▶ _BRIEF_: Write out exactly the lines below from the one containing "Women wearing transparent" to the last, both ends kept, and nothing more; skip all pictures.

▶ _INPUT DATA_:
Content starts

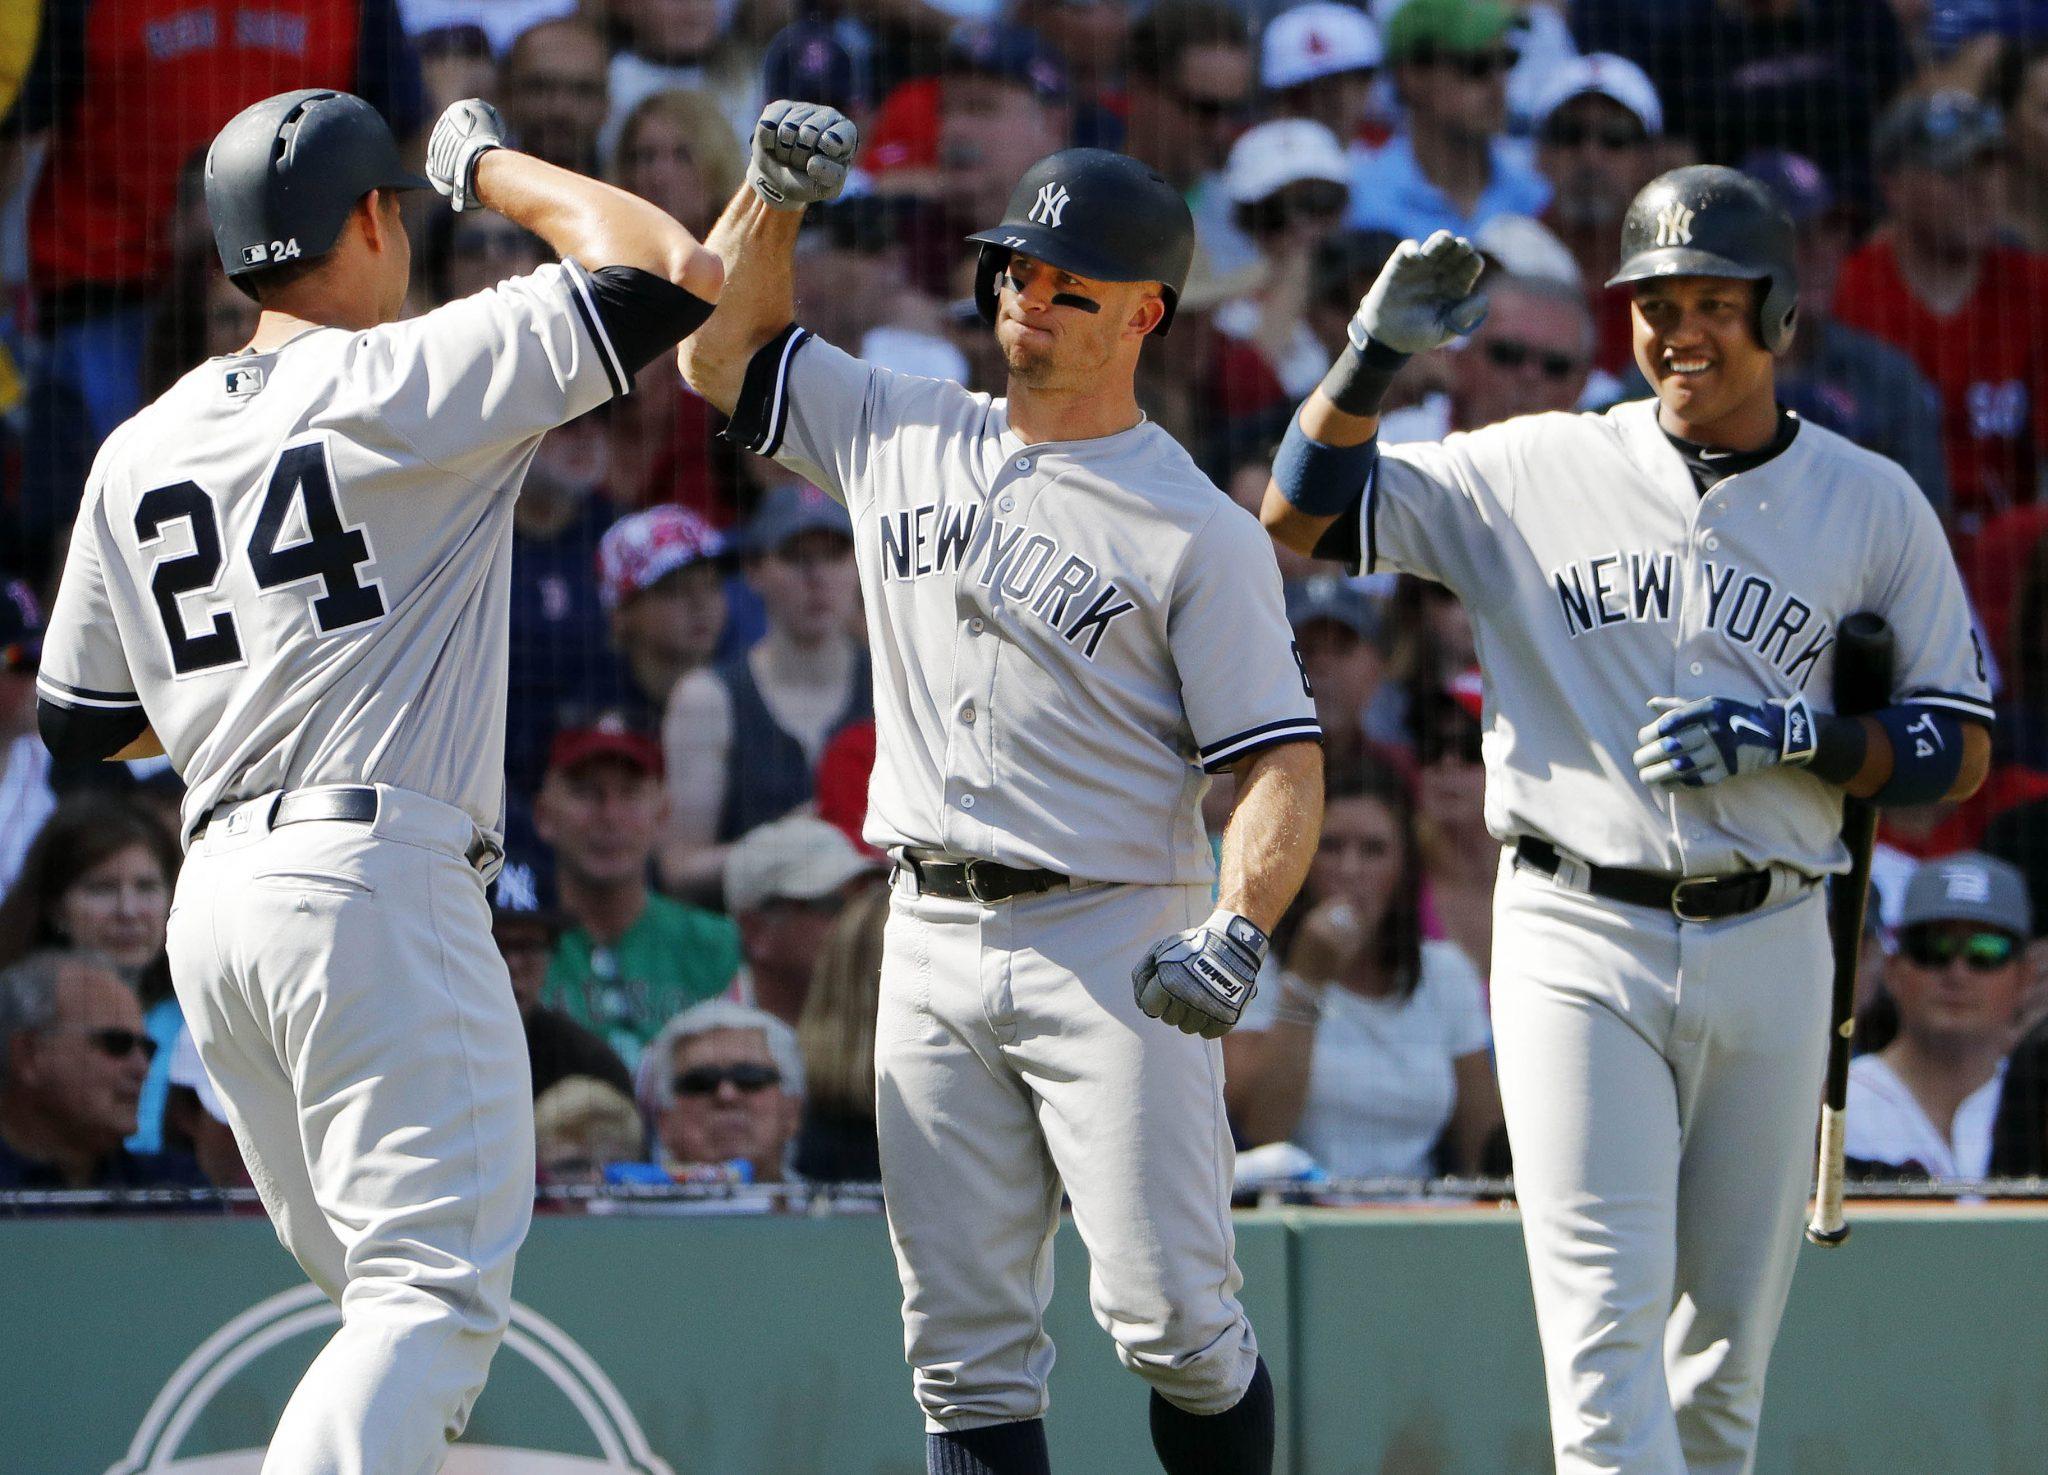 New York Yankees Wallpapers Hq
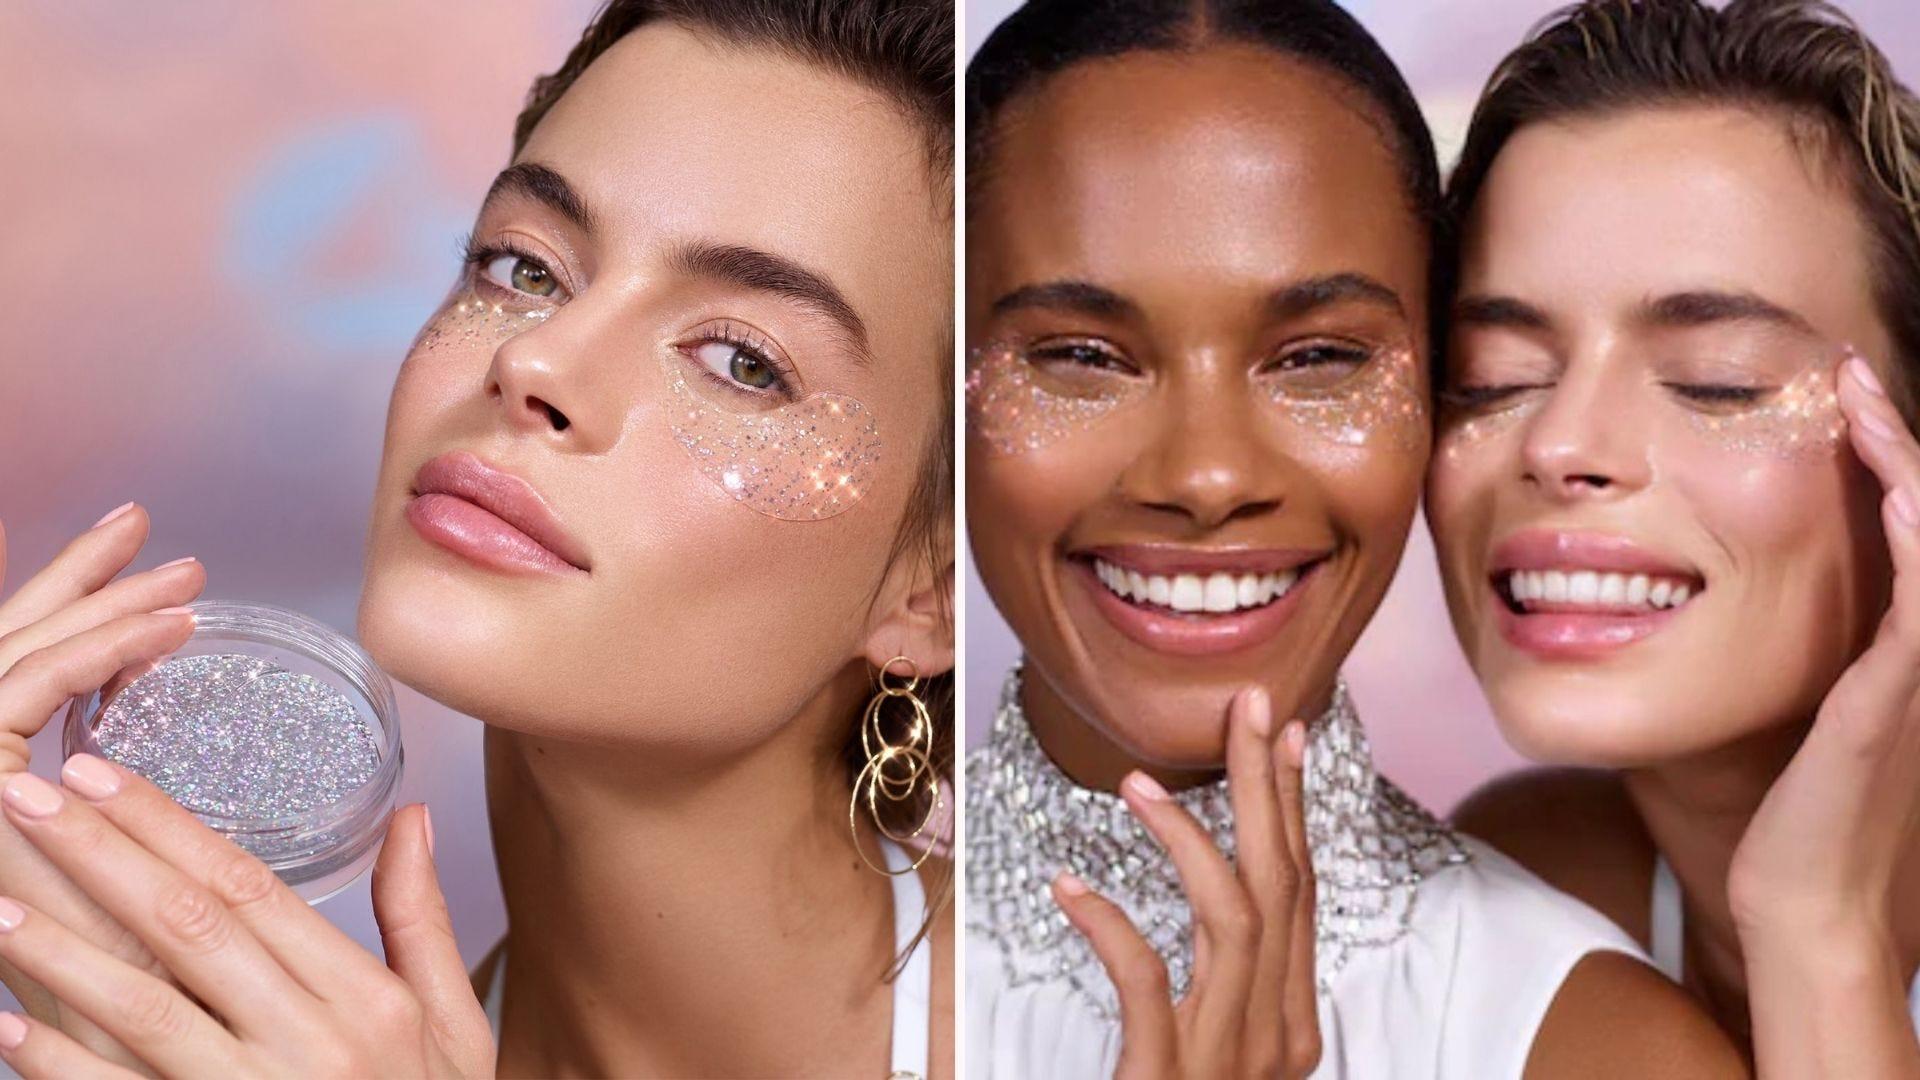 Women wearing transparent glitter under eye patches
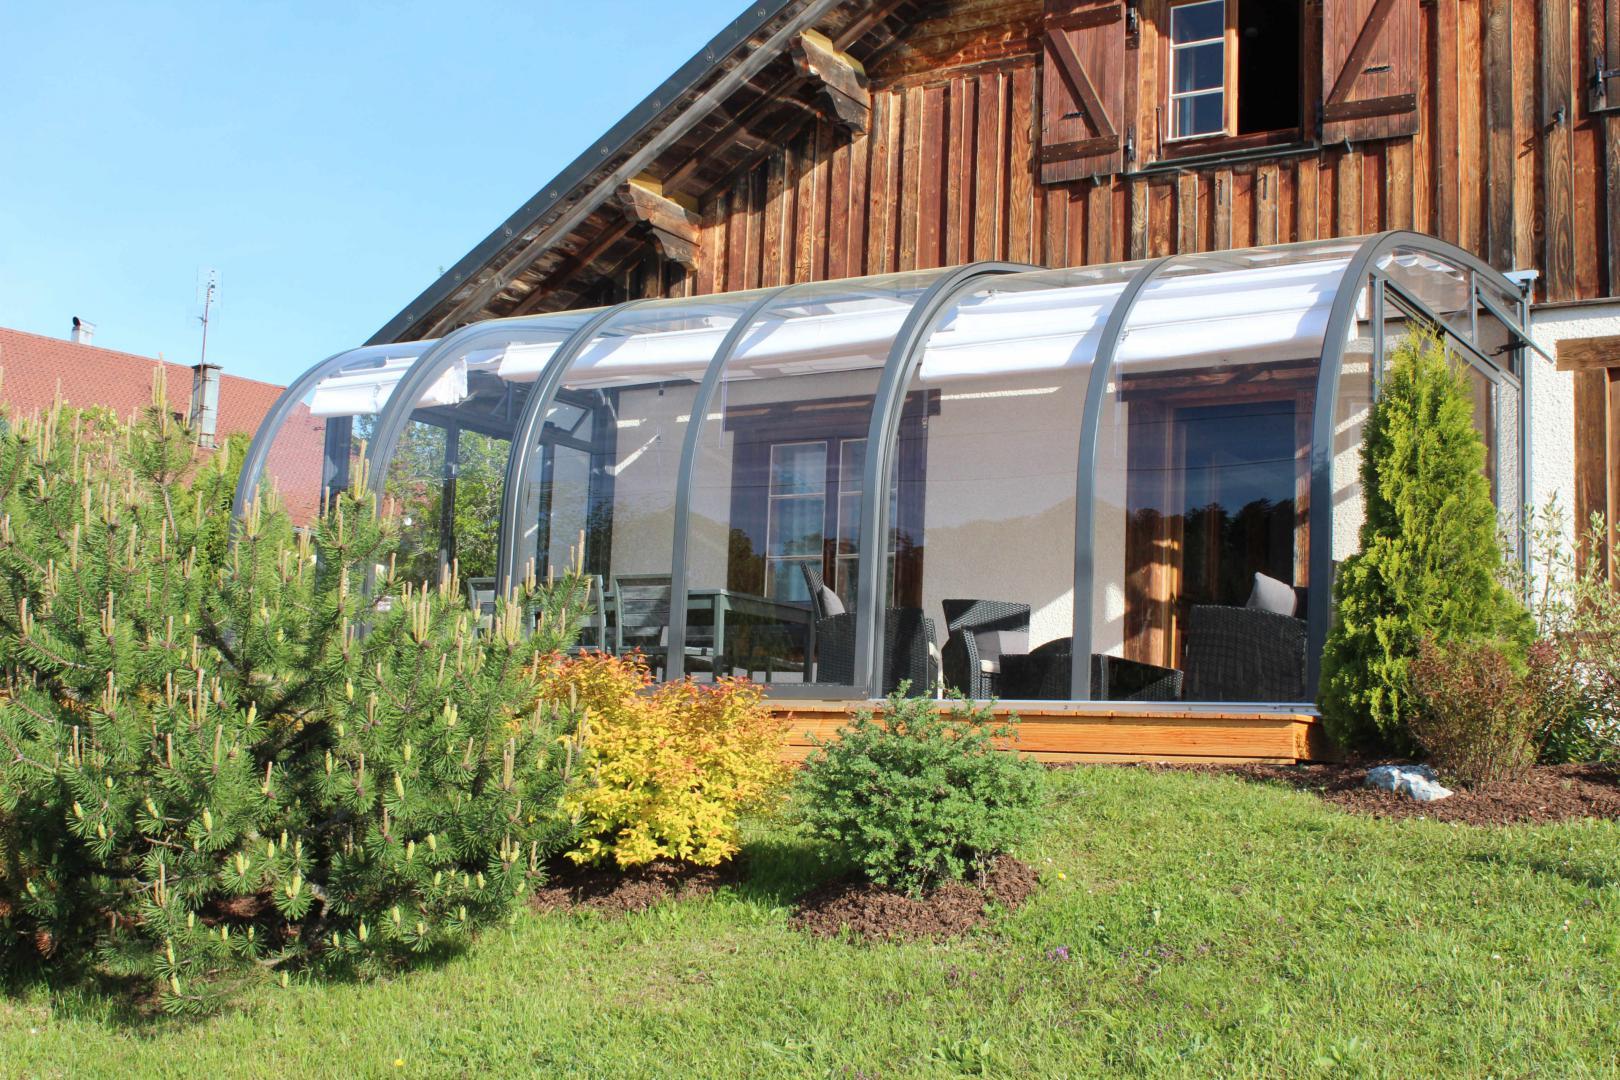 Abris de terrasse 3 saisons de type solar v randa mobile - Veranda arrondie ...

Content ends

▶ _RESPONSE BOX_:
 Women wearing transparent glitter under eye patches
 Abris de terrasse 3 saisons de type solar v randa mobile - Veranda arrondie ...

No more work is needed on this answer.